1. Import the package

from datenguidepy import Query
from datenguidepy import get_regions
from datenguidepy import get_statistics

2. Creating a query

Start with querying either for single regions:

q = Query.region('01')

or for all subregions within a region (e.g. all Kommunen in a Bundesland)

query_allregions = Query.all_regions(parent='01')
  • How to get IDs for regions?

# Overview of region IDs

Use pandas query() functionality to filter according to level, e.g. for Bundesländer “nuts1”

# Filtered for Bundesländer (federal states)
get_regions().query("level == 'nuts1'")

See below “Get information on fields and meta data” for more options on regions.

3. Add statistics (fields)

Add statistics to your query for which you want to get data

stats = q.add_field('BEV001')
  • How do I find the short name of the statistics?

# Some examples
TOPIC: Economy
 - Bruttoinlandsprodukt (BIP802)
 - Verarbeitendes Gewerbe Betriebe (BETR01)
 - Verarbeitendes Gewerbe Umsatz (UMS002)
 - Bevölkerungsstand (BEVSTD)
 - Beschäftigte (ERW012)
 - Arbeitslose (ERWP06)

 TOPIC: Demographic Development
 - Bevölkerungsstand (BEVSTD)
 - Lebendgeborene (BEV001)
 - Gestorbene (BEV002)
 - Eheschließungen (BEV003)
 - Ehescheidungen (BEV004)
 - Zuzüge, Wanderungen über die Kreisgrenzen (BEV085)
 - Fortzüge, Wanderungen über die Kreisgrenzen (BEV086)

See below “Get information on fields and meta data” for more options on statistics.

4. Get results

Get the results as a Pandas DataFrame

df = q.results()

Additional Features

5. Add filters and subfields

Filters can be added to statistics (fields) to select data only from specific years.

stats.add_args({'year': [2014, 2015]})

5.1. Add subfield A set of default subfields (year, value, source) are defined for all statistics.
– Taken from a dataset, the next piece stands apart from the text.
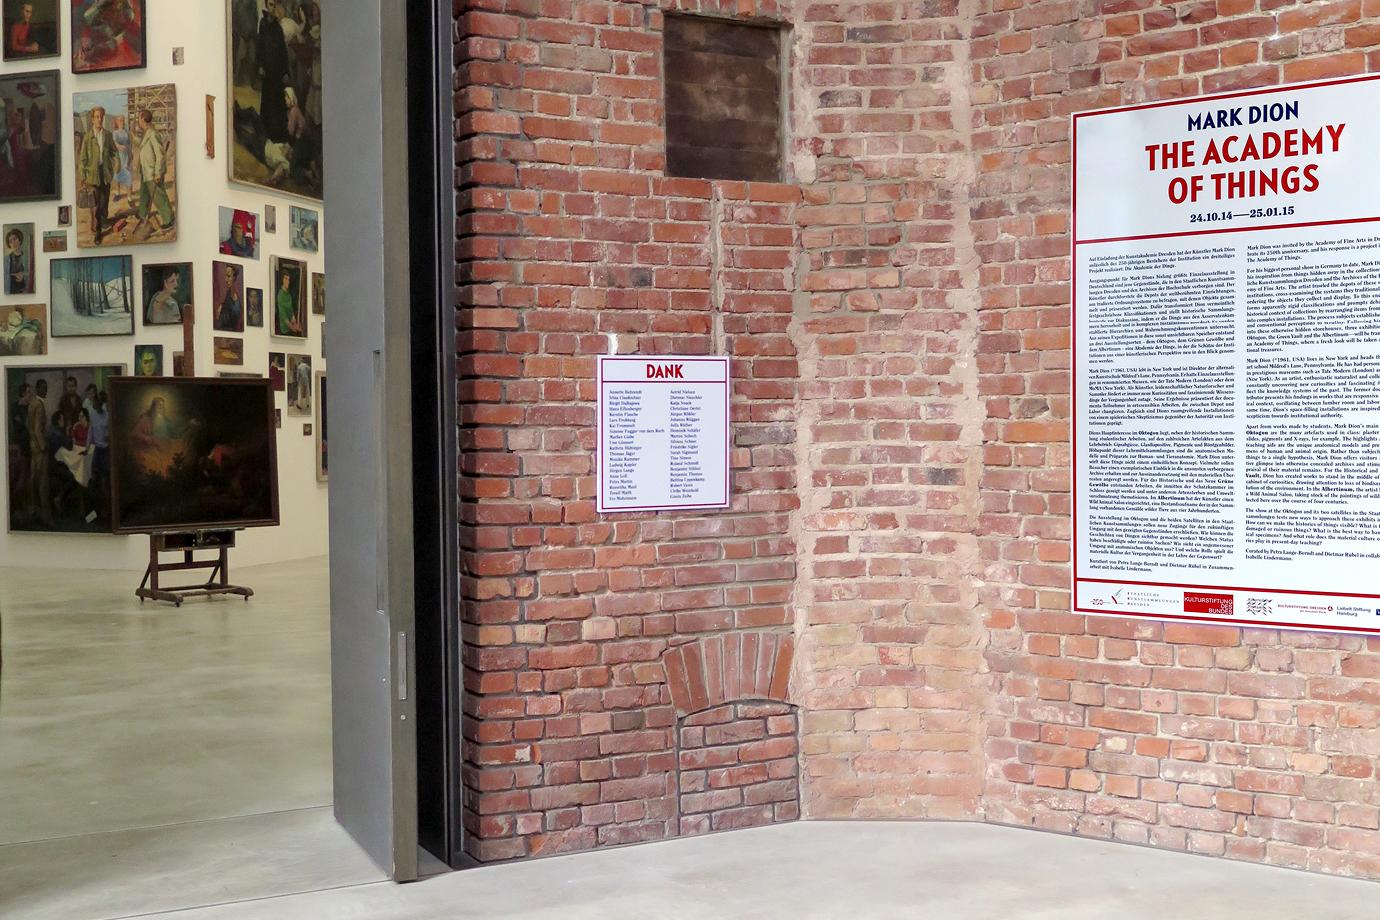 http://e-o-t.de/wordpress/wp-content/uploads/2017/10/2014_MarkDion-Exhibition-01.jpg
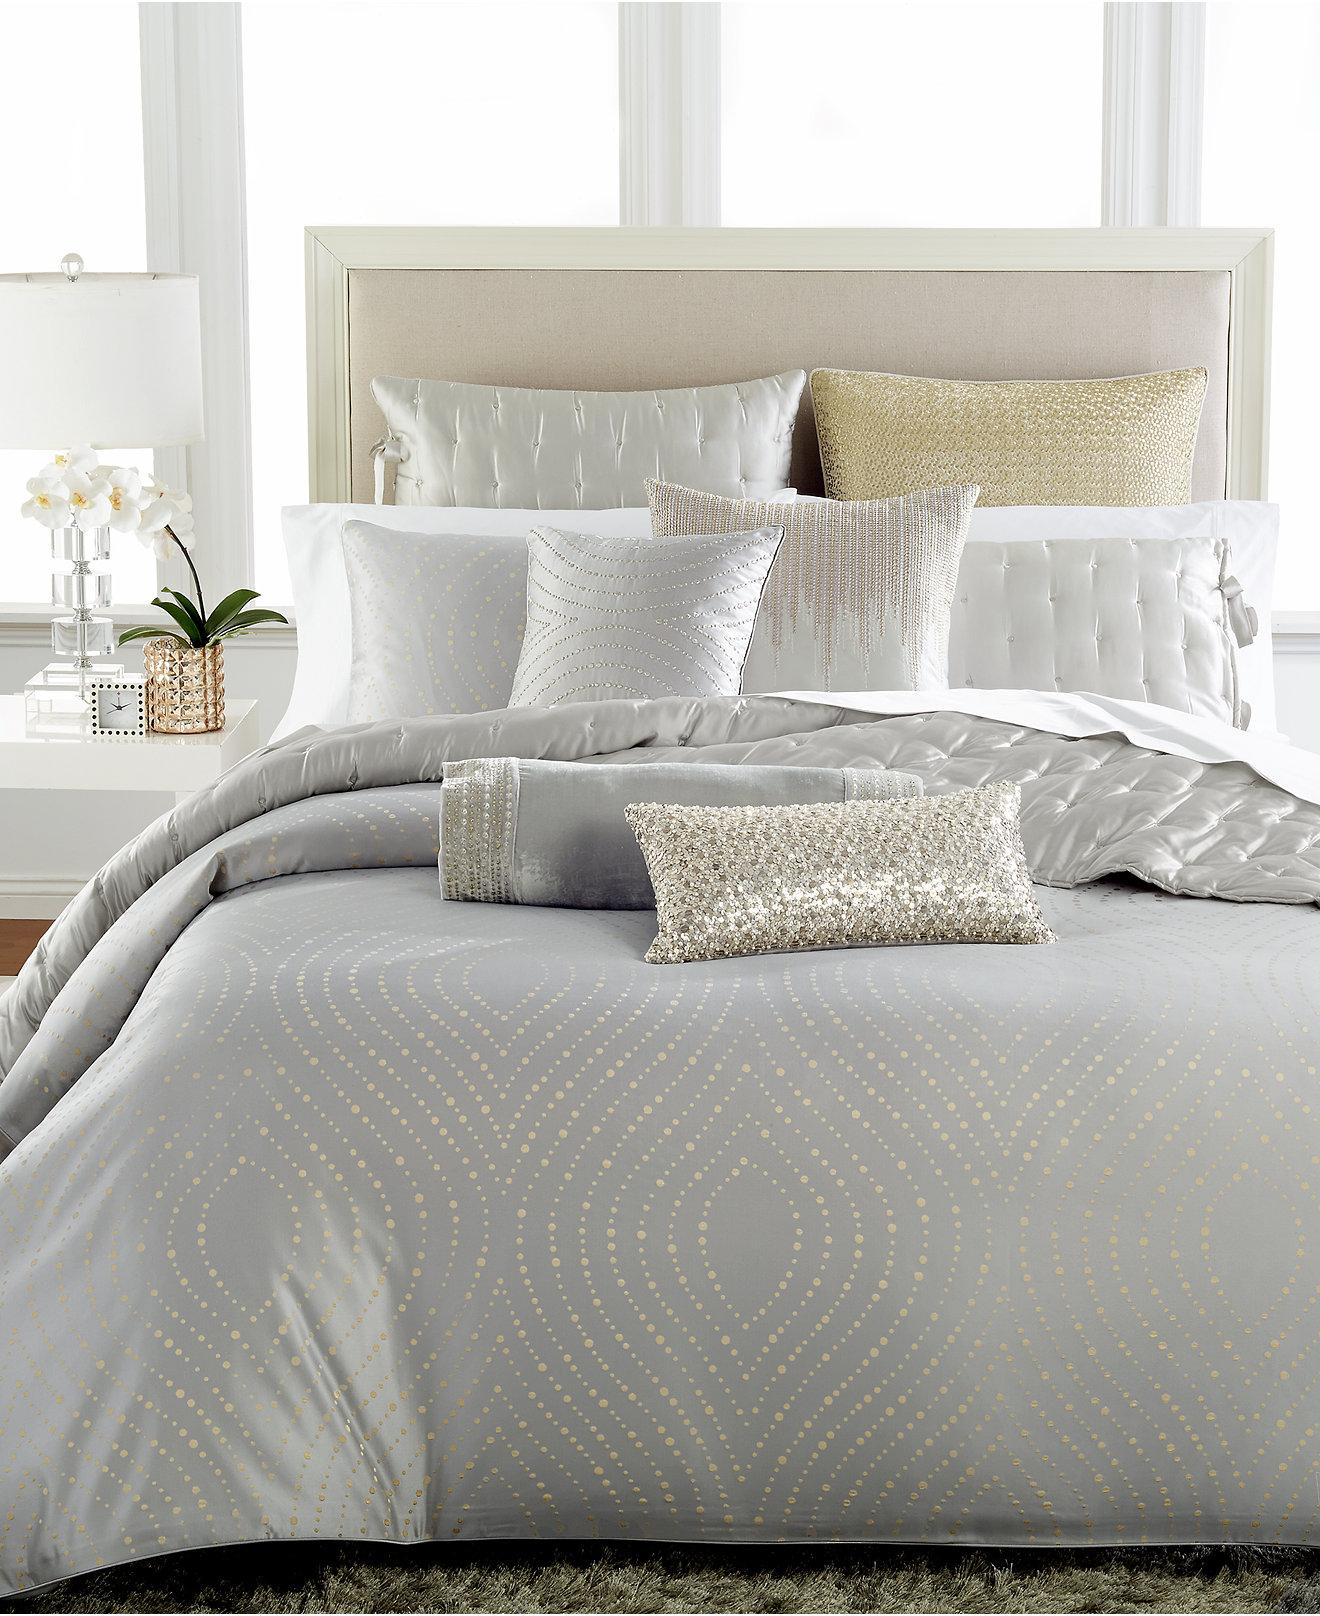 Silver Leaf Bedroom Furniture Hotel Collection Finest Silver Leaf Bedding Collection Only At

If additional fields (columns in the results table) shall be returned, they can be specified as a field argument.

stats.add_field('GES') # Geschlecht

# by default the summed value for a field is returned.
# E.g. if the field "Geschlecht" is added, the results table will show "None" in each row,
# which means total value for women and man.
# To get disaggregated values, they speficically need to be passed as args.
# If e.g. only values for women shall be returned, use:

stats.add_args({'GES': 'GESW'})

# if all possible enum values shall be returned disaggregated, pass 'ALL':

stats.add_args({'GES': 'ALL'})

6. Get results Again, results can be returned as a Pandas DataFrame

df2 = q.results()